Here, the first term approximates energy loss through torque-squared, the second term penalizes jerk for smoothness, and the third term incorporates the stability margin (SM). The particles in the swarm update their positions \( x_i \) and velocities \( v_i \) according to:

$$ v_i^{(t+1)} = \omega v_i^{(t)} + c_1 r_1 (pbest_i – x_i^{(t)}) + c_2 r_2 (gbest – x_i^{(t)}) $$
$$ x_i^{(t+1)} = x_i^{(t)} + v_i^{(t+1)} $$

This optimization results in trajectories that are energy-efficient, smooth, and stability-aware. Compared to simple cycloidal trajectories, our optimized paths reduce energy consumption by approximately 23% and improve smoothness by 35% in terms of average jerk.

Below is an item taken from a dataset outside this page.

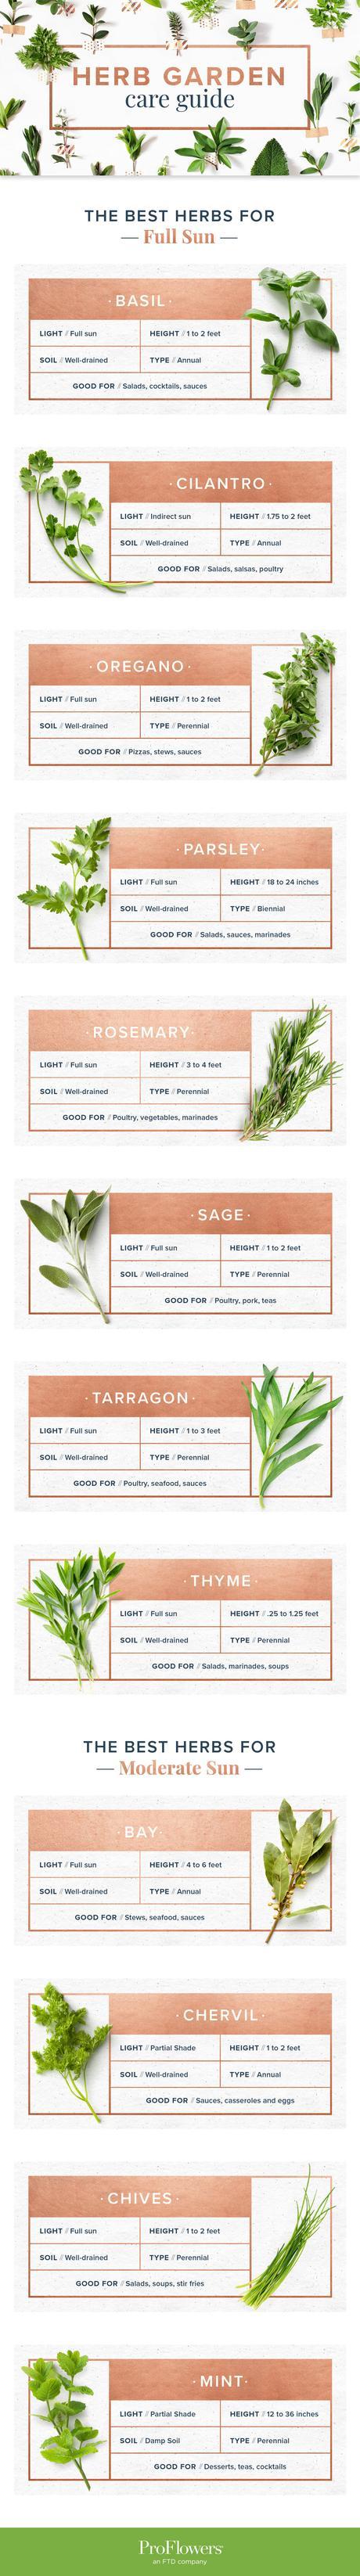 Image: indoor herb garden care guide

Stability is paramount for a bionic robot operating on uneven ground. Our control system implements a hierarchical stability assurance module based on the Zero Moment Point (ZMP) criterion and the concept of the Dynamic Support Polygon (DSP). The ZMP, the point where the net moment of inertial and gravity forces is zero, is calculated in real-time:

$$ x_{zmp} = \frac{\sum_i m_i ( \ddot{z}_i + g ) x_i – \sum_i m_i \ddot{x}_i z_i }{\sum_i m_i ( \ddot{z}_i + g )} $$

A stable gait requires the ZMP to remain within the convex hull of the ground contact points (the DSP). Our stability control acts on two levels. First, a proactive adjustment layer subtly modulates the planned foot placements and torso posture based on predicted stability margins. Second, a reactive compensation layer activates when an external disturbance is detected via the IMU and force sensors. This layer uses a Model Predictive Control (MPC) scheme to compute optimal corrective foot forces and body movements over a 200 ms horizon, executing adjustments every 10 ms. This dual-layer approach enables the bionic robot to withstand external shoves of up to ±15° and recover a stable posture within 0.5 seconds.

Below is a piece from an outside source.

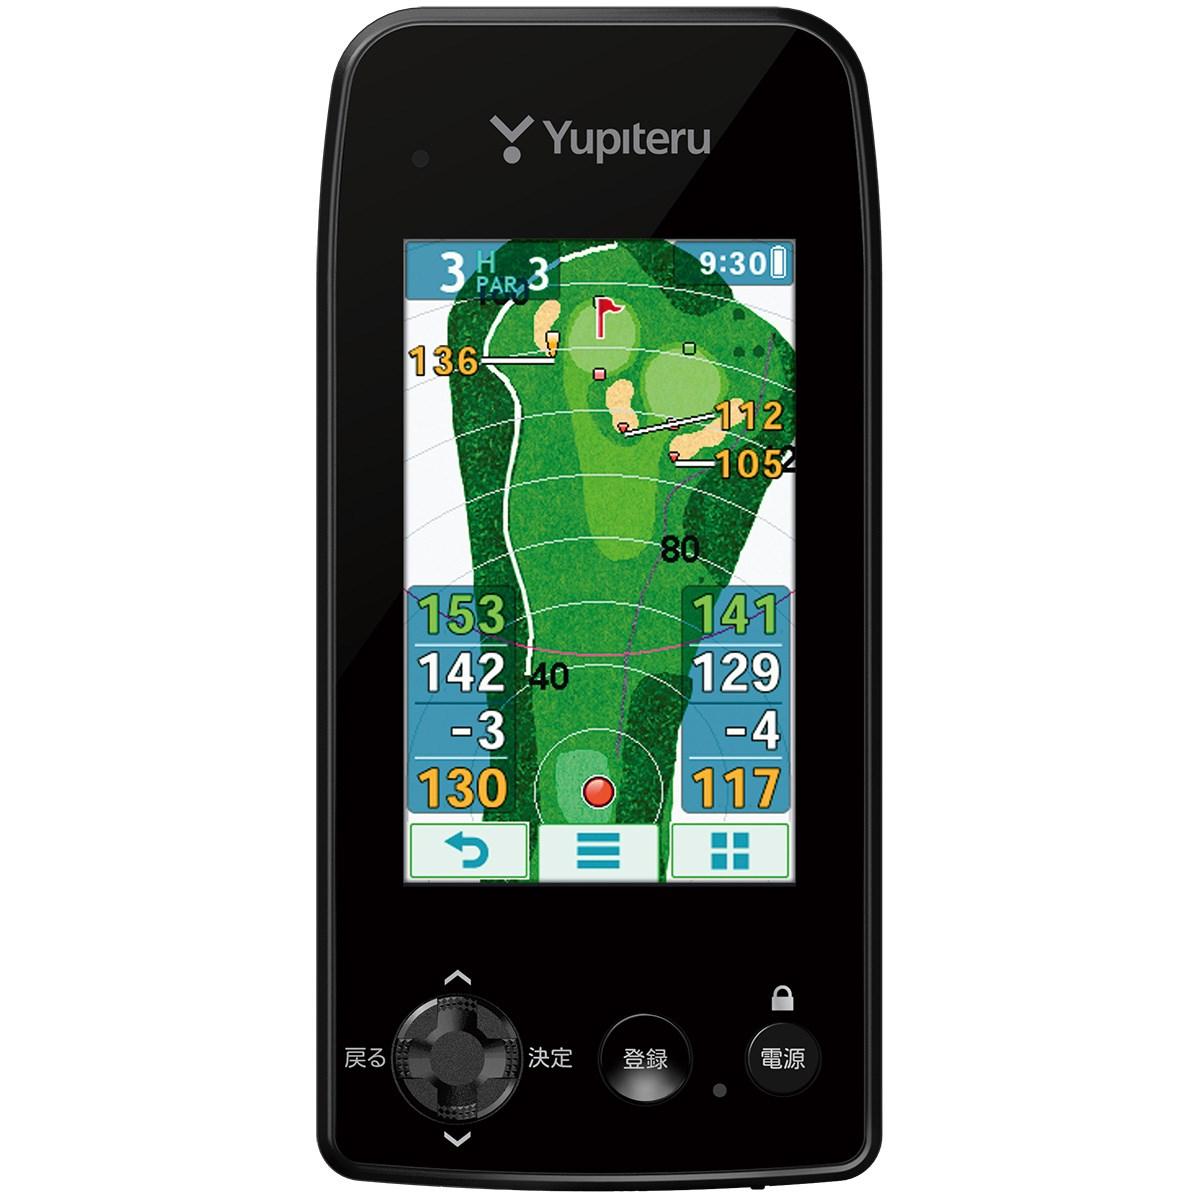 ユピテル YUPITERU ゴルフナビ YGN7000 ブラック

To validate the performance of our modular bionic robot and the proposed optimization framework, we conducted extensive experimental tests on various terrains, including flat ground, slopes, and surfaces with discrete obstacles. The key performance metrics were quantified and compared against a baseline controller using fixed, non-optimized trot gaits. The results are summarized in the following table.

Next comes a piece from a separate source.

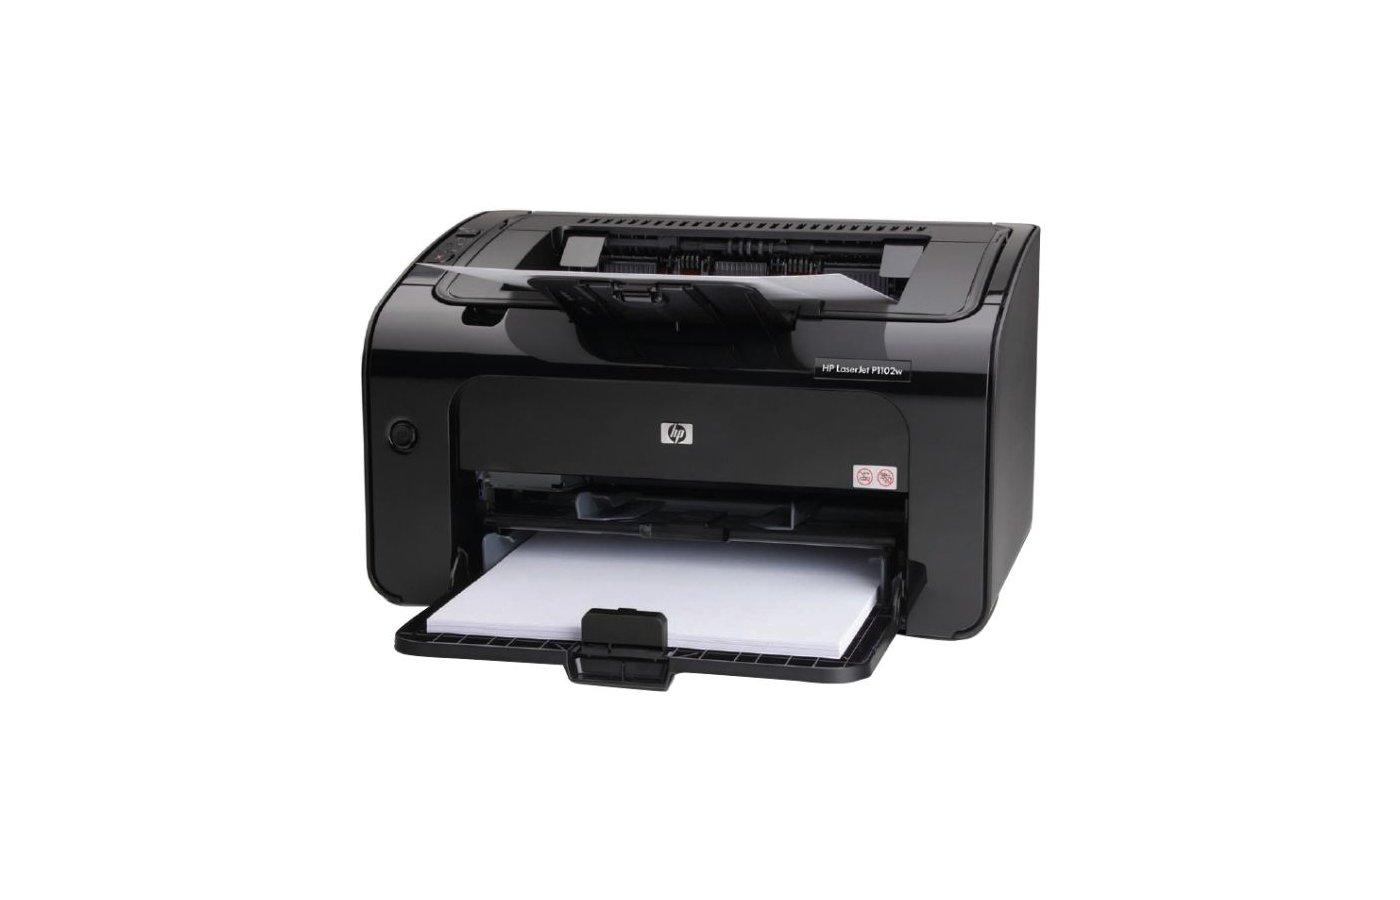 Принтер HP LaserJet Pro P1102w /CE658A/

Performance Metric Test Condition Proposed System Baseline Controller Improvement
Energy Consumption Walking at 0.6 m/s on flat ground 15.2 W 19.0 W 20% reduction
Motion Stability (ZMP Deviation) Walking over 20 mm obstacles ±11 mm ±15 mm 28% improvement in stability margin
Disturbance Rejection Lateral push recovery Recovers from ±15° tilt Fails beyond ±10° tilt 50% increase in robustness
Gait Transition Smoothness Walk to trot transition 200 ms, < 2° body fluctuation 350 ms, ~5° fluctuation Smoother and faster transition
Terrain Adaptability Maximum negotiable slope 20° incline 15° incline 33% improvement

The experimental data clearly demonstrates the efficacy of our integrated approach. The modular design of the bionic robot facilitated robust construction and easy instrumentation. The CPG-ADP gait planner, combined with MOPSO trajectory optimization, successfully generated energy-efficient and stable locomotion patterns adaptable to the terrain. The hierarchical stability controller ensured reliable operation even under dynamic perturbations. The overall system achieved its primary objectives of enhanced stability, reduced energy consumption, and improved adaptability for the bionic quadruped platform.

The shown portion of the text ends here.